1. Сцены из жизни духовенства [содержащие «Печальную судьбу преподобного Амоса Бартона», «Историю любви мистера Гилфила» и «Раскаяние Джанет»]. Джордж Элиот. Второе издание. 2 тома. Эдинбург и Лондон, 1859.

2. Adam Bede. By GEORGE ELIOT. Sixth Edition, 2 vols. 1859.

3. Мельница на Флоссе. Джордж Элиот. 3 тома. 1860.

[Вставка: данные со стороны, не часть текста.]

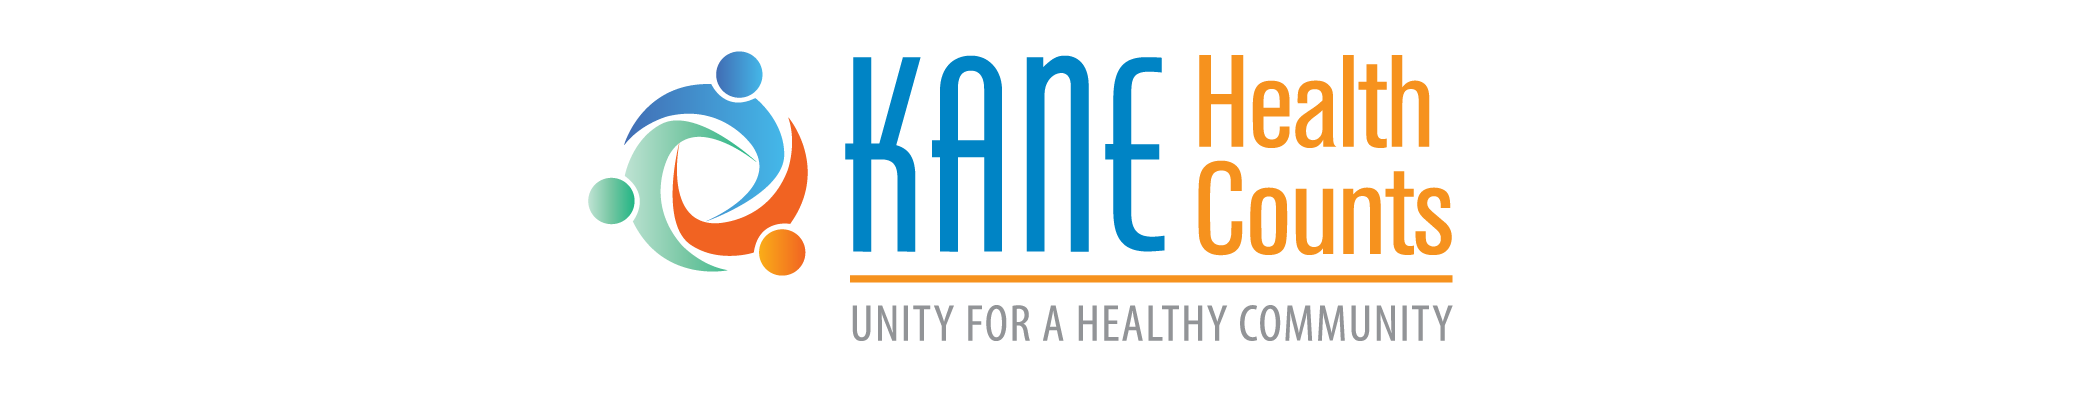 Kane Health Counts

Мы часто слышим замечание, что в наши дни все стремится к единообразию — что всех учат мыслить одинаково, что дни новизны прошли. Нам, однако, кажется, что эпоха изобилует новыми и ненормальными способами мышления — мы почти готовы сказать, формами бытия. Что могло быть столь новым и маловероятным, как то, что юная и безупречная дочь священника создала столь необычайное произведение, как «Джейн Эйр», — произведение, о котором мы были вынуждены высказать мнение, что неизвестный и таинственный «Каррер Белл» придерживается «языческой доктрины религии»; что невежество, которое книга демонстрирует в отношении приличий женского платья, едва ли совместимо с мыслью о том, что она была написана женщиной; но что, если это все же женщина, то писательница должна быть «той, кто по какой-то веской причине давно лишилась общества своего пола».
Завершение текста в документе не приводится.